Where do we go from here?
We live in exciting times, or frightening, depending on who you ask. Regardless of who you are – a member of the government, the industry or a consumer – your actions will affect the route we take into the future. AI and perhaps more specifically Gen-AI has the potential to revolutionize the way new products and services are created. We see companies like Shein getting closer to fully automating the creation of personalized products to reach a perfect market fit for each and every customer individually. This may sound like a dream come true if you believe in a free market economy, but we need to think while we still have time to do so. There are important questions that need to be considered concerning fully automating the product market fit process.
Are we ready to recognize that consumption is not merely a simple process of choosing what is most pleasing to the senses, but rather a way of creating meaning, identity and a way to contribute to the evolution of human society? Can we and should we trust that consumers alone, under the influence of systems optimized to sell, are able to take on responsibility for the road ahead, and “be careful what they wish for” since automated product market fit will make just about anything come true, sometimes to the detriment of social sustainability or other fundamental human values?

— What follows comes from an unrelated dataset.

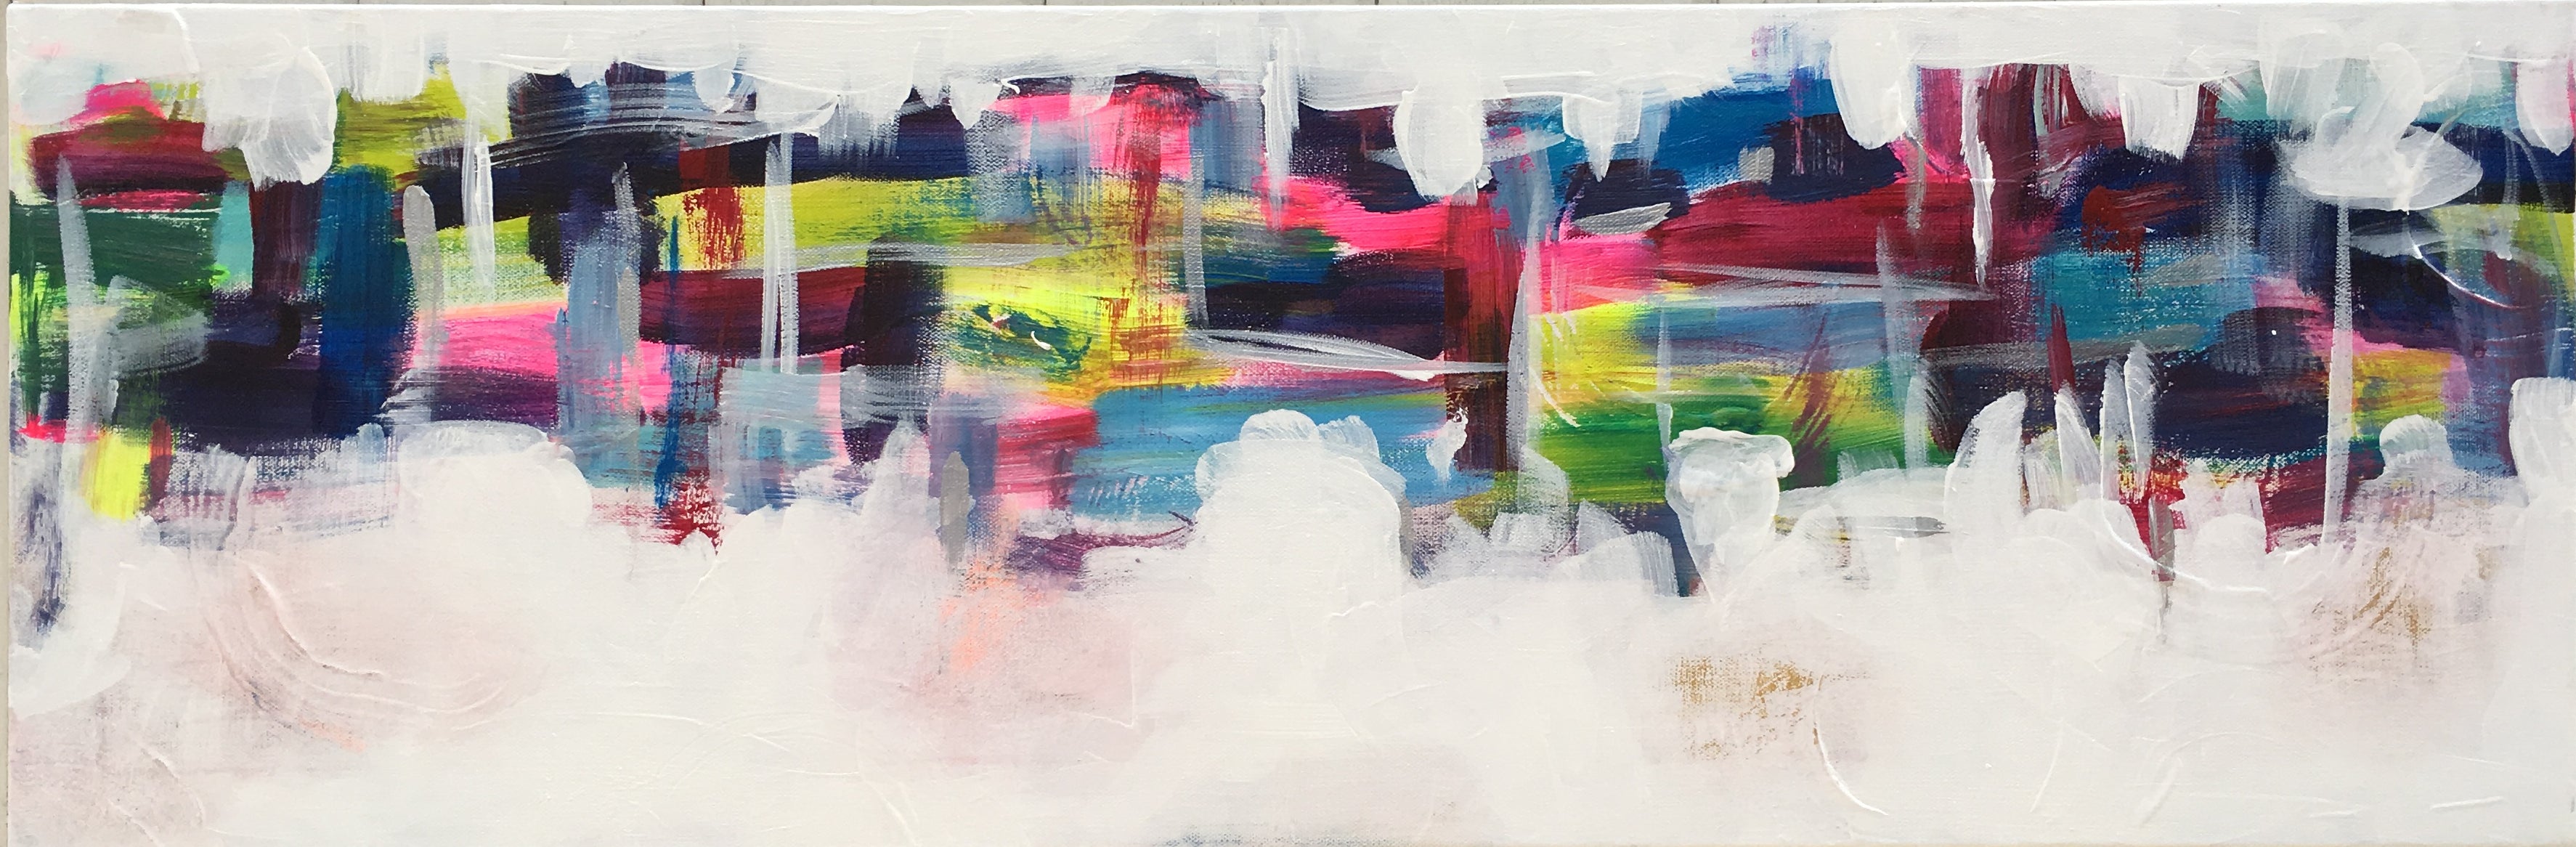 Abstract and modern acrylic painting of spring in the City by Alison Corteen, artbyalisonc.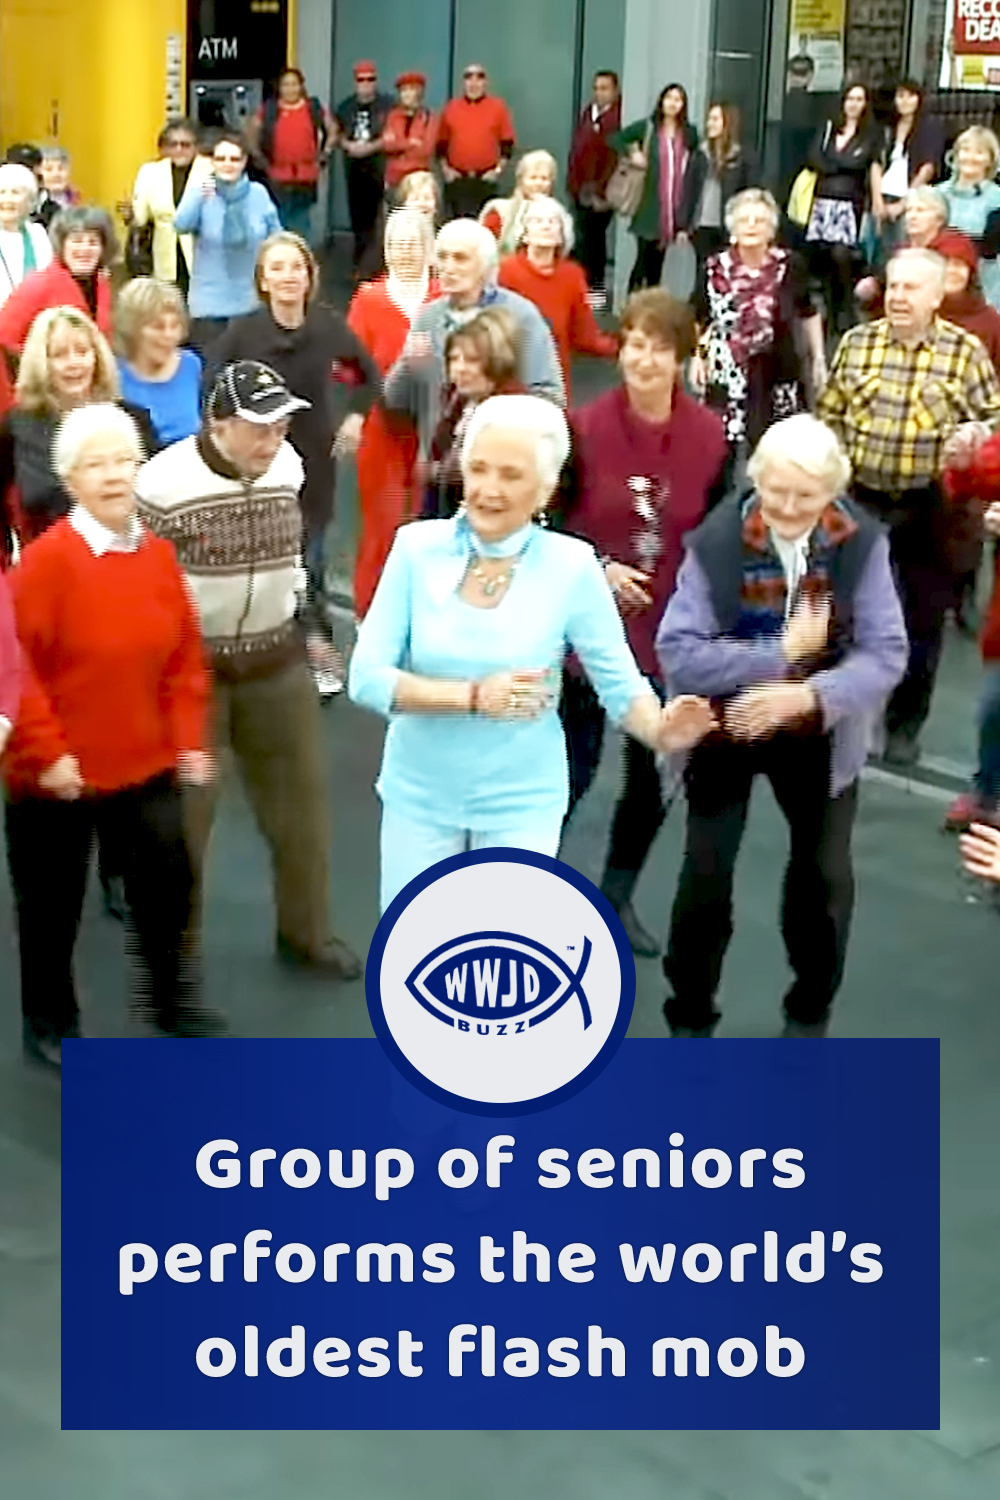 Group of seniors performs the world’s oldest flash mob

Or… Will the governments, industry leaders and ethicists work things out, so that consumers can indulge in products and services that fulfill their deepest desires, wants and needs without concern for anyone else than themselves?
What about the creative jobs within the product development process, are they at risk? If not, and if AI is used simply as a tool to assist human workers, will our own creative abilities suffer just as our memory has declined with the use of memory aids such as calendars and notebooks?
Clearly, there are many questions that need to be addressed. As providers of innovation services in this and other industries, we feel obliged to work together with other stakeholders to ensure that AI is developed and used in a responsible and ethical manner. With this article, we are taking the first step to initiate a dialogue with you and other influential individuals. What will you do?